» **Recorded data**:

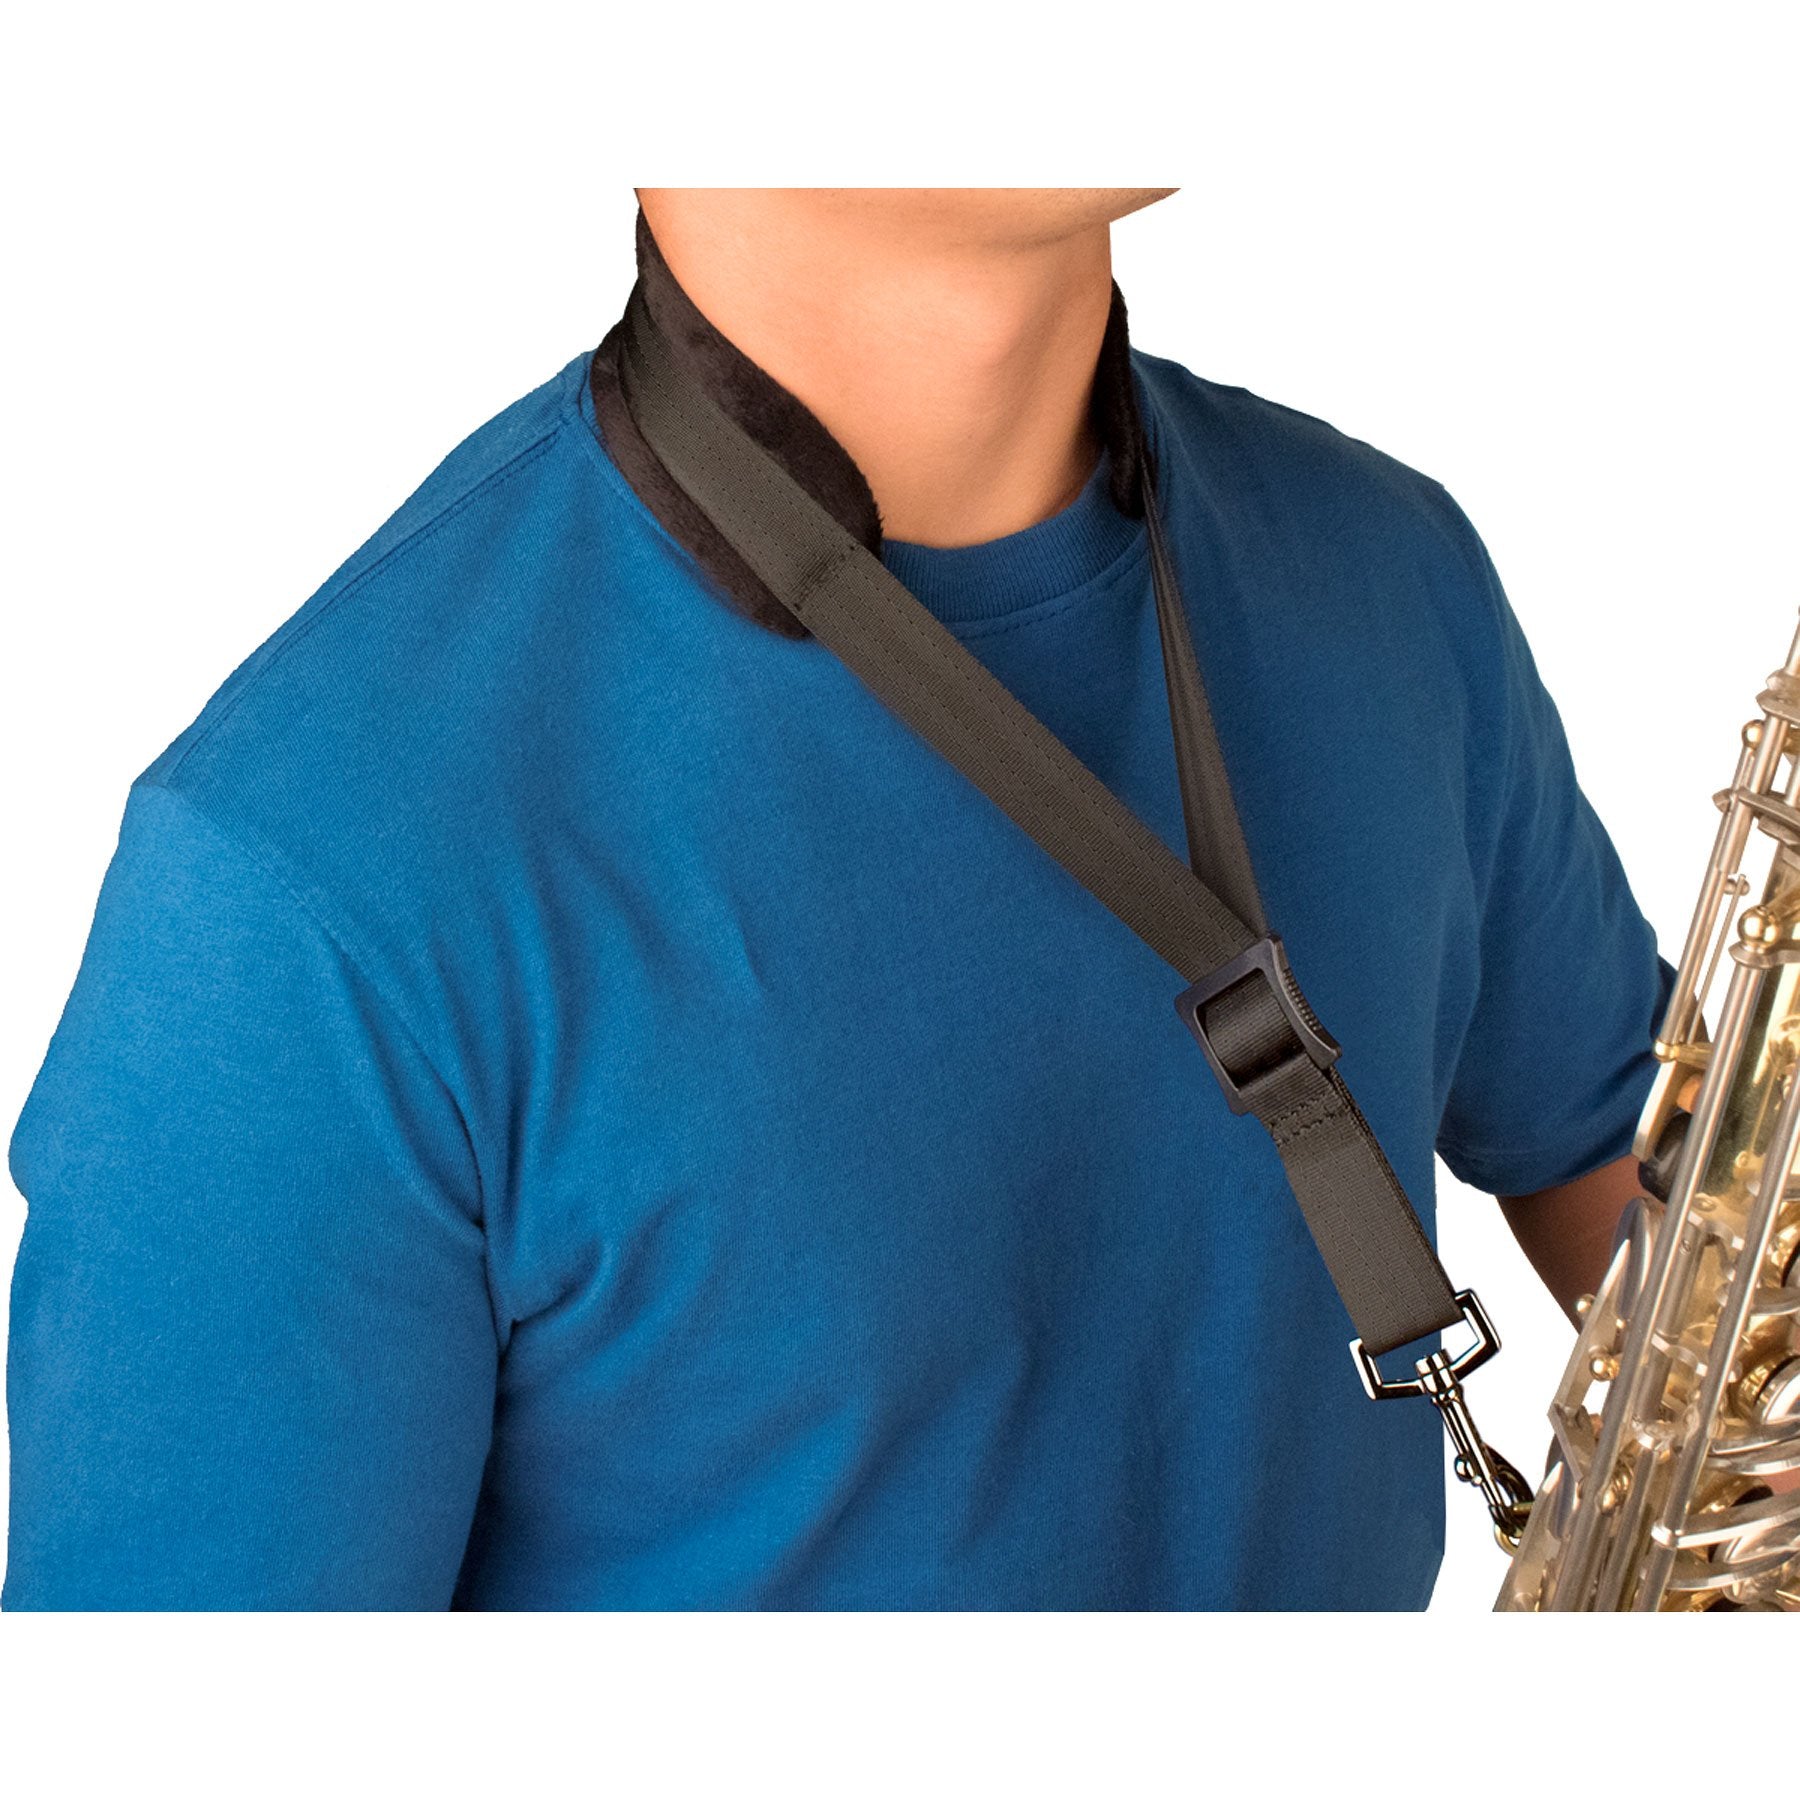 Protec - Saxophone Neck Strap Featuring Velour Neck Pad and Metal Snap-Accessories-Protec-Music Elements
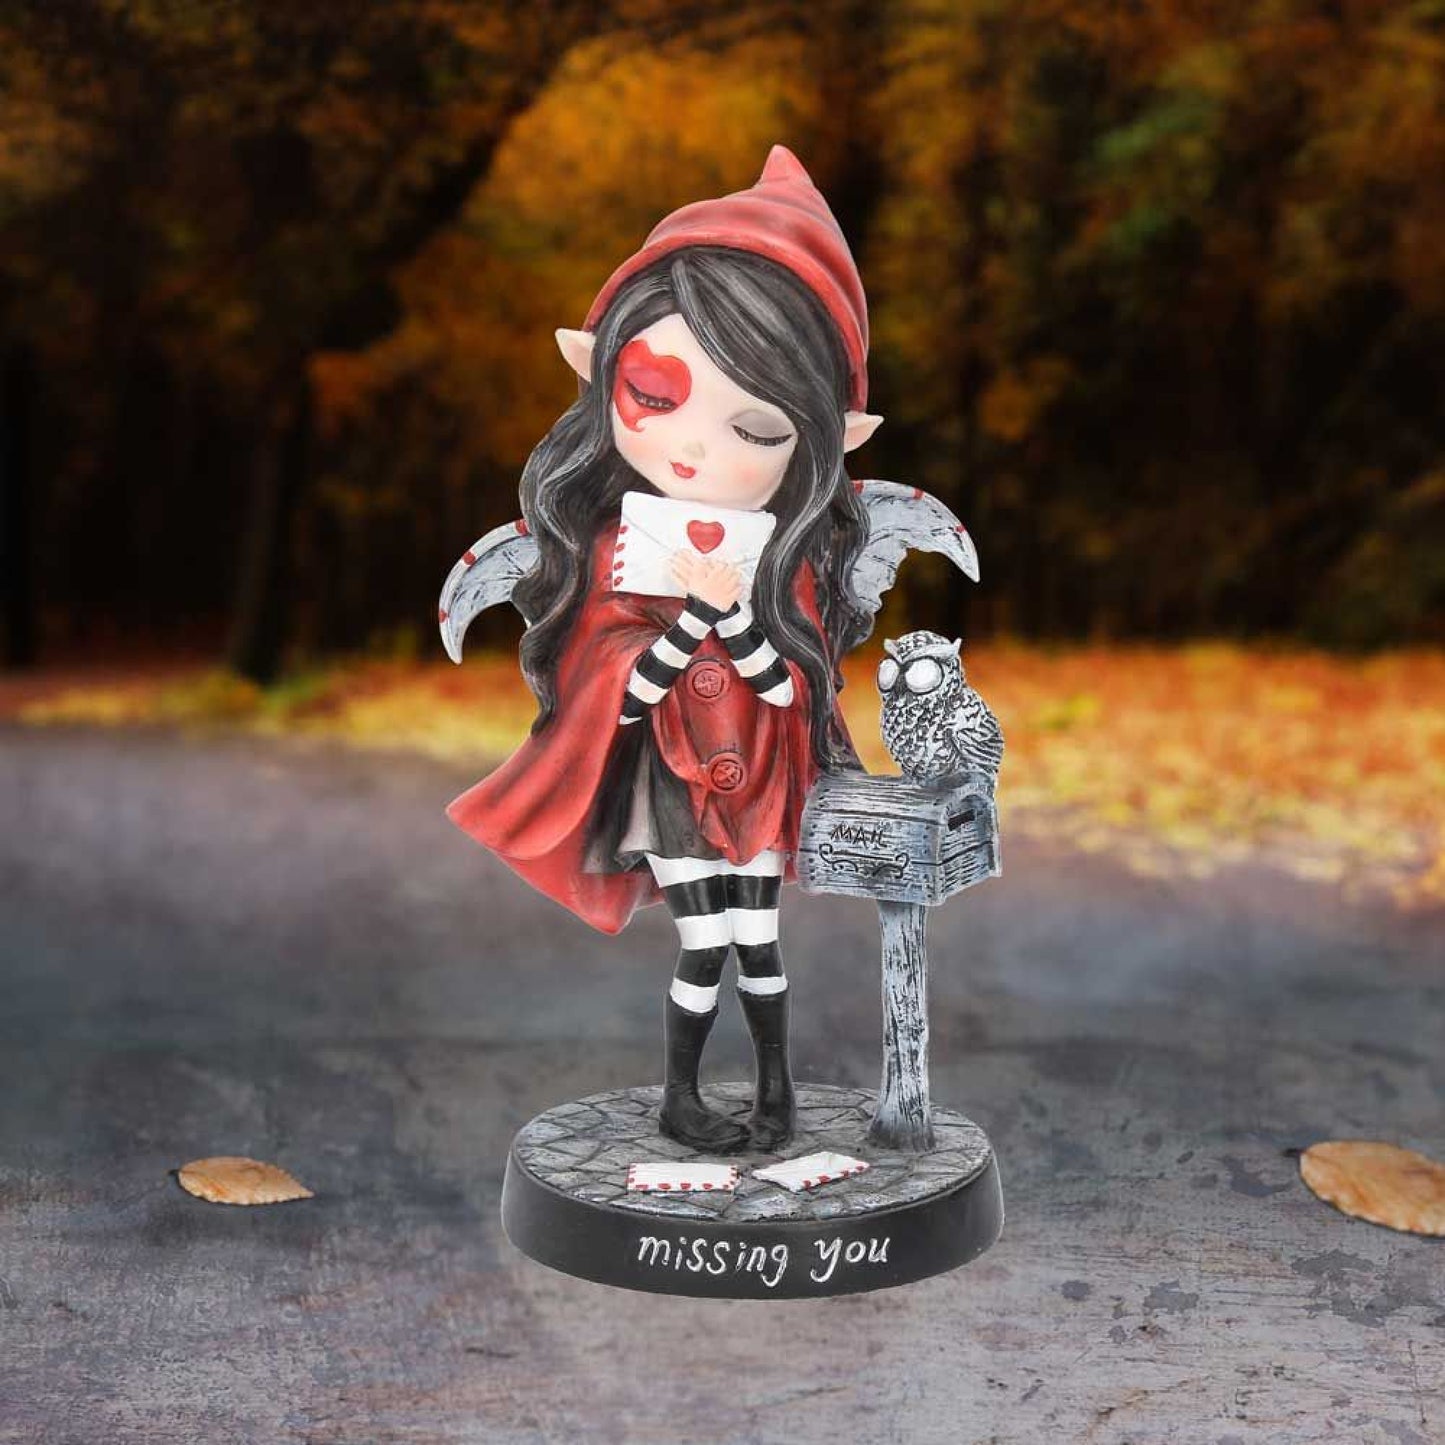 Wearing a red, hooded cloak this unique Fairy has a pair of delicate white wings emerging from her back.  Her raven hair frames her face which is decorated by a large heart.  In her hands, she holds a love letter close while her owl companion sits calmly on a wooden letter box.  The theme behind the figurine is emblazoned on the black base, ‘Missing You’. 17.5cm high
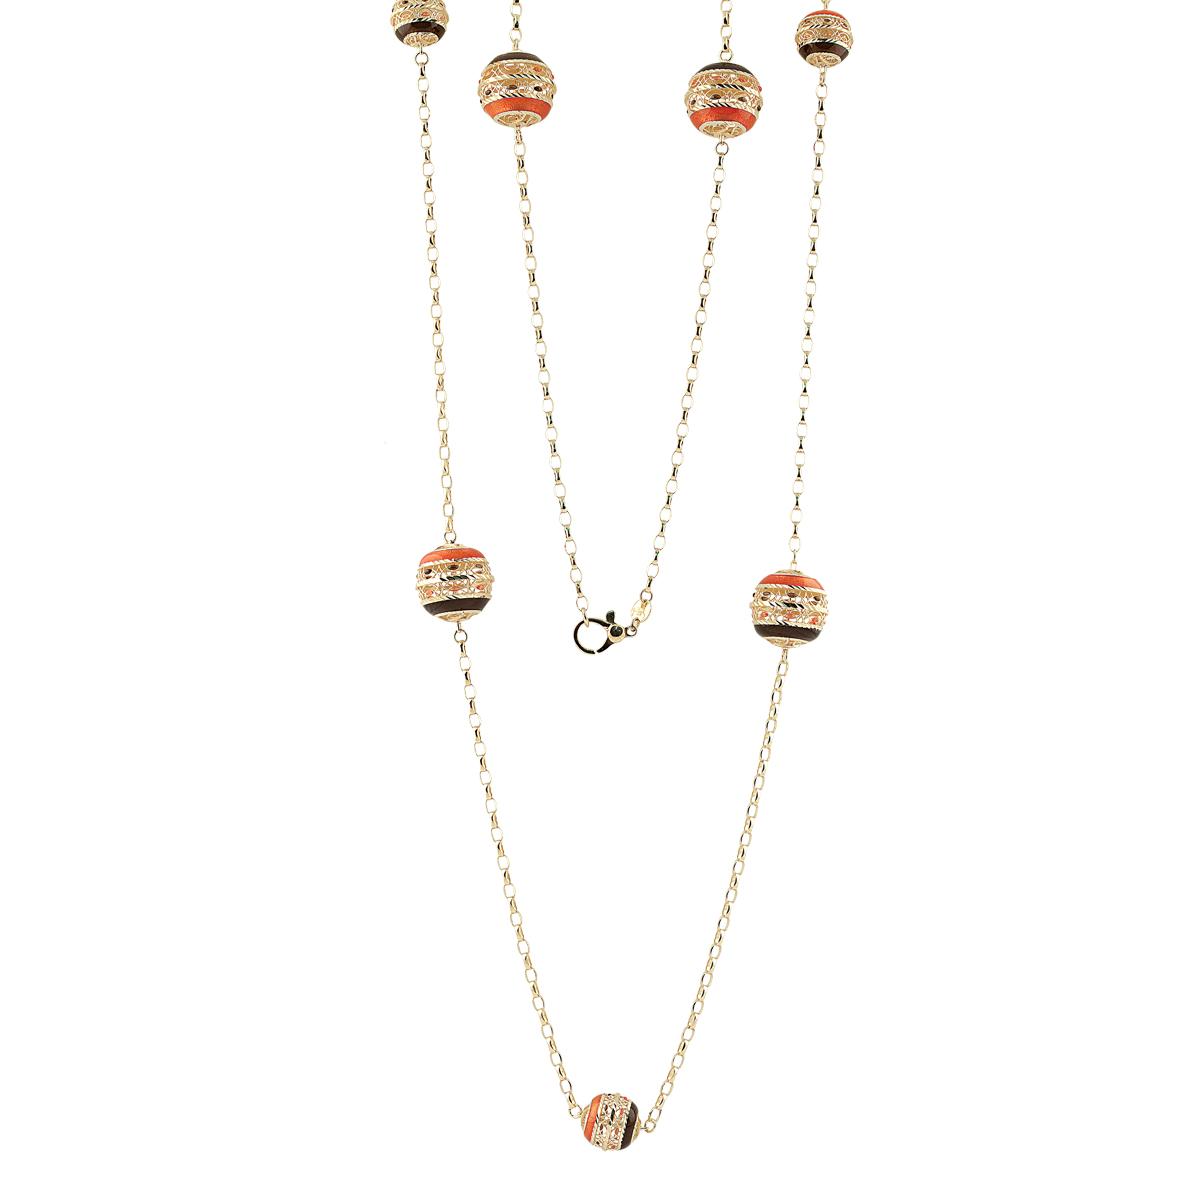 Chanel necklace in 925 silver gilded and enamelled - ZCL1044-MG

» **Prompt**: Please restate the whole listing exactly, without any of its pictures.

» **Exercise result**:
 Protec - Saxophone Neck Strap Featuring Velour Neck Pad and Metal Snap-Accessories-Protec-Music Elements
 Wearing a red, hooded cloak this unique Fairy has a pair of delicate white wings emerging from her back.  Her raven hair frames her face which is decorated by a large heart.  In her hands, she holds a love letter close while her owl companion sits calmly on a wooden letter box.  The theme behind the figurine is emblazoned on the black base, ‘Missing You’. 17.5cm high
 Chanel necklace in 925 silver gilded and enamelled - ZCL1044-MG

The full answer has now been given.